Hong Wei, Baniahmad Aria, Li Juan, Chang Chenglin, Gao Weizhen, Liu Yunde
Department of Laboratory Medicine, Tianjin Medical University, Tianjin, China.
FEBS Lett. 2009 Aug 6;583(15):2451-6. doi: 10.1016/j.febslet.2009.07.010. Epub 2009 Jul 15.
The Bcl-2 associated athanogene 1M (Bag-1M) is known to repress the transactivation of the glucocorticoid receptor (GR). We report here that Bag-1M inhibits the action of GR via recruitment of corepressors, including nuclear receptor corepressor (NcoR) and silencing mediator for retinoic acid and thyroid hormone receptor (SMRT), and histone deacetylase (HDAC)3 to the genomic response element of a glucocorticoid-regulated human metallothionein IIa (hMTIIa) gene. A mutant GR lacking the interaction with BAG-1M fails to recruit the corepressors NcoR and SMRT. RNAi-mediated knock down of corepressors and the use of HDAC inhibitor relieved Bag-1M-induced repression on the transactivation of the GR. In addition, Bag-1M is not involved in the degradation of the receptor. These findings indicate a novel mechanism by which Bag-1M acts as a corepressor and downregulates the activity of the GR.

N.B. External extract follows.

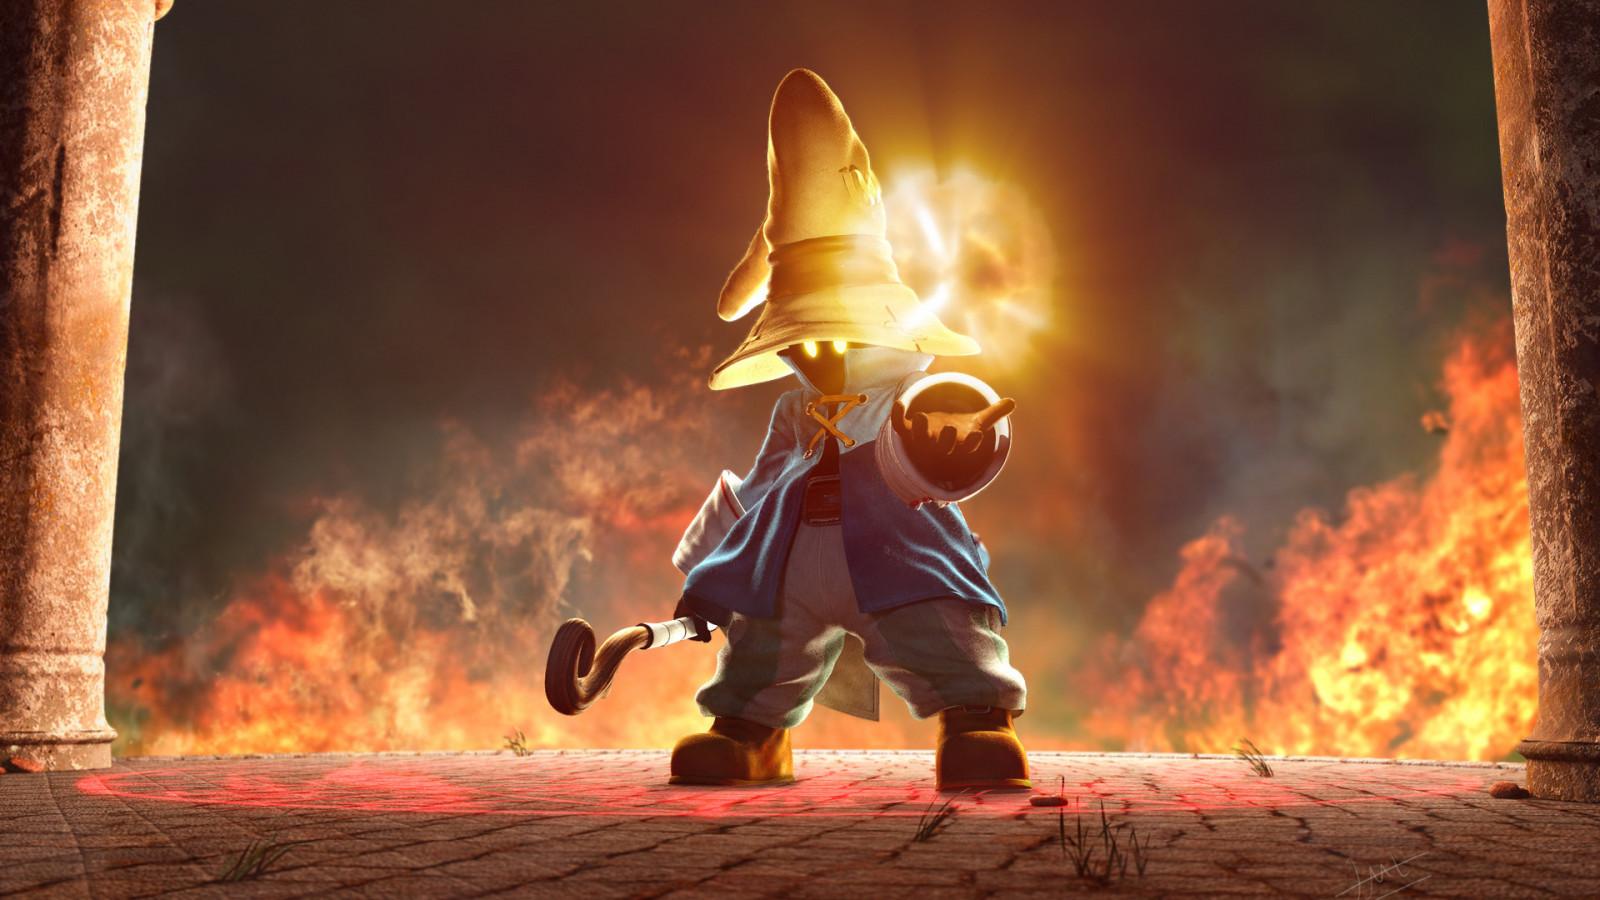 digital art video games artwork fire Final Fantasy Final Fantasy IX Vivi wildfire flame screenshot computer wallpaper stunt performer bonfire

已知Bcl-2相关抗凋亡基因1M(Bag-1M)可抑制糖皮质激素受体(GR)的反式激活。我们在此报告,Bag-1M通过招募共抑制因子抑制GR的作用,这些共抑制因子包括核受体共抑制因子(NcoR)、维甲酸和甲状腺激素受体沉默介质(SMRT)以及组蛋白去乙酰化酶(HDAC)3至糖皮质激素调节的人金属硫蛋白IIa(hMTIIa)基因的基因组反应元件。缺乏与BAG-1M相互作用的突变型GR无法招募共抑制因子NcoR和SMRT。RNA干扰介导的共抑制因子敲低以及HDAC抑制剂的使用减轻了Bag-1M诱导的对GR反式激活的抑制。此外,Bag-1M不参与受体的降解。这些发现表明了一种新机制,即Bag-1M作为共抑制因子并下调GR的活性。